Attributes of the response object allow us to look at the content or payload.
* `response.content`........ content gives access to the raw bytes
* `response.text`........... text gives converts content to string, guesses on encoding
* `response.encoding = 'utf-8'`.... explicit encoding scheme, if needed, before accessing text
* `response.json`........... deserializes the response content to a dictionary

In [4]:
import requests        # import from web
from bs4 import BeautifulSoup      # clean up text
# from wordcloud import WordCloud    # create word clouds
from textblob import TextBlob      # basic NLP, install first
# from textatistic import Textatistic   # readability, install first
from newspaper import Article

from pathlib import Path    # for quick import of text file for NLP

import pandas as pd
import seaborn as sns
import matplotlib.pyplot as plt
from plotly import express as px

# Magics
%config InlineBackend.figure_format = 'retina'
%matplotlib inline

ModuleNotFoundError: No module named 'wordcloud'

## Example 1: Extraction Block or Not Allowed
https://www.americanrhetoric.com/speeches/mlkihaveadream.htm

In [None]:
## 403 Forbidden Error, extract blocked / not allowed
url = 'https://www.americanrhetoric.com/speeches/mlkihaveadream.htm'

response = requests.get(url)   # retrieve the webpage
response.content               # show content from the retrieved page

## Example 2: Static, Predominately Text-based Web-Page
https://er.jsc.nasa.gov/seh/ricetalk.htm

In [None]:
## Static web page - JFK speech re: moon
url = 'https://er.jsc.nasa.gov/seh/ricetalk.htm'

response = requests.get(url)
response.content       # Notice moderate amount of HTML code

In [None]:
# response.encoding = 'utf-8'
response.text

In [None]:
# if response text is in json format, can deserialize with
response.json()

In [None]:
# use BeautifulSoup to clean up the response content

soup = BeautifulSoup(response.content, 'html5lib')
text = soup.get_text(strip=True)  # text without tags
text       #BeautifulSoup has done a decent job on this page removing HTML

## Example 3: Sometimes it is easier to copy and paste to a file
https://www.whitehouse.gov/briefing-room/speeches-remarks/2021/03/12/remarks-by-president-biden-on-the-american-rescue-plan-2/

In [None]:
## Somewhat hidden text
url = 'https://www.whitehouse.gov/briefing-room/speeches-remarks/2021/03/12/remarks-by-president-biden-on-the-american-rescue-plan-2/'
response = requests.get(url)
response.content            # UGLY! significant amount of code -- Where's the text??

In [None]:
## Soup doesn't help much in this case
soup = BeautifulSoup(response.content, 'html5lib')
text = soup.get_text(strip=True)  
text

## Let's try `Article`

Steps: 
Install `newspaper3k` via `pip` (only do this once per machine)

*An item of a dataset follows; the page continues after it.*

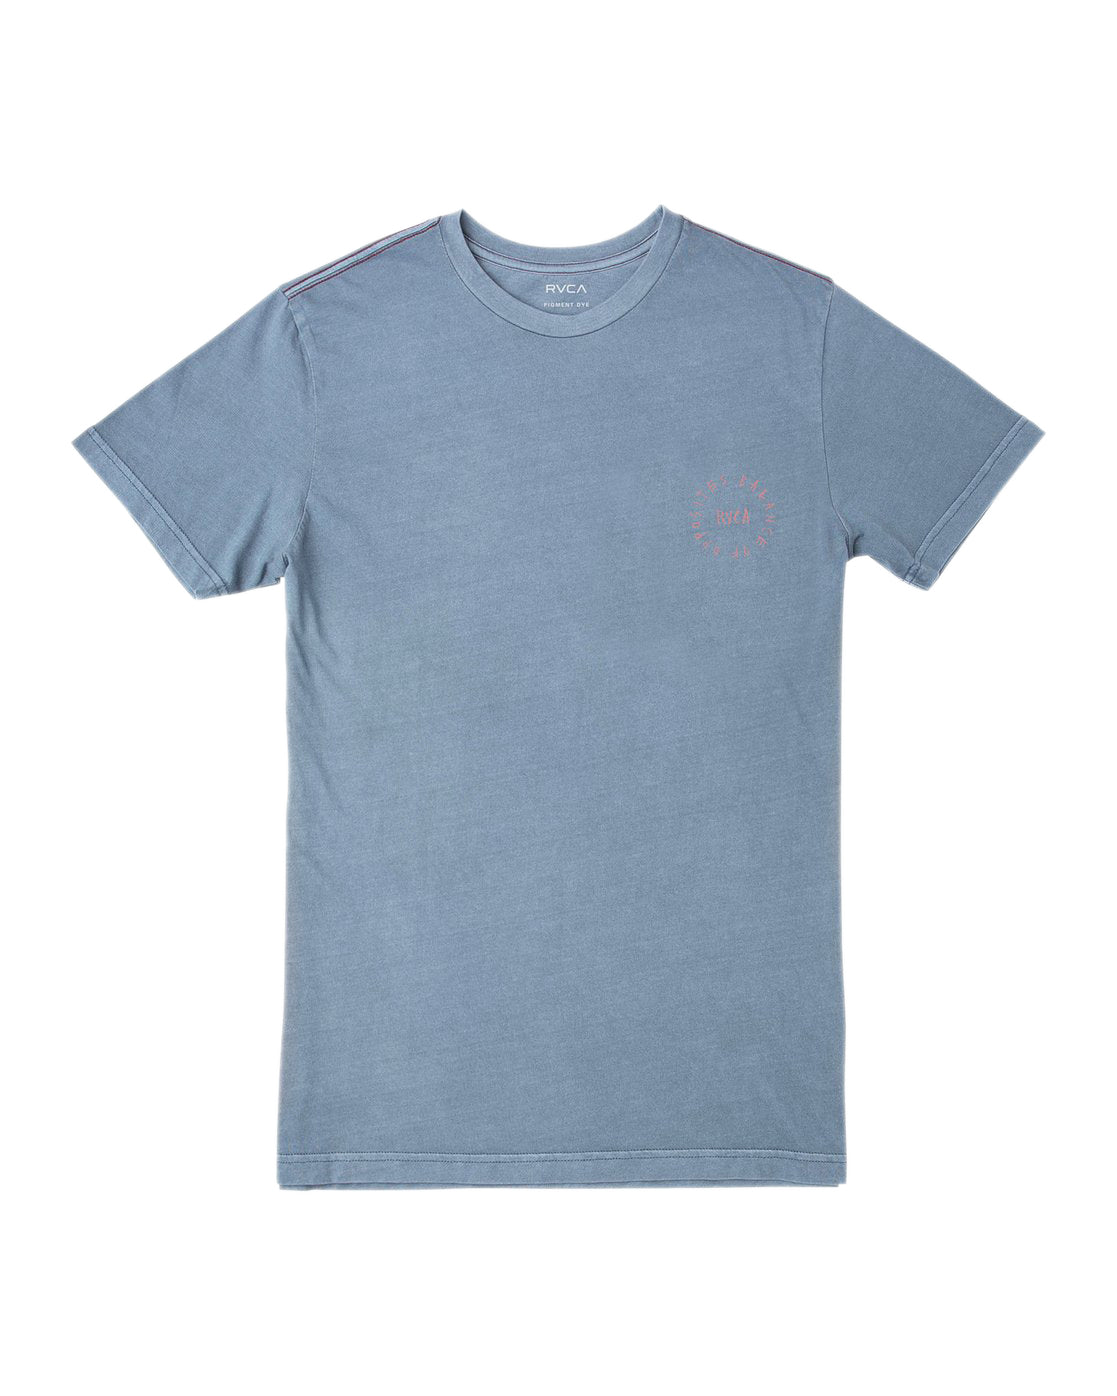 RVCA Hortonsphere SS Tee CNB-ChinaBlue L

1. Import `Article` from `newspaper` (once per notebook)
2. Create an article object and set it to the URL of the web-page (required once per web-page)
3. Download (required after creating article object)
4. Parse the downloaded object (required once per download, separate data into text, authors, title, date, etc.)

Now you are ready for other tasks (view text, check authors and publication date; perform NLP tasks).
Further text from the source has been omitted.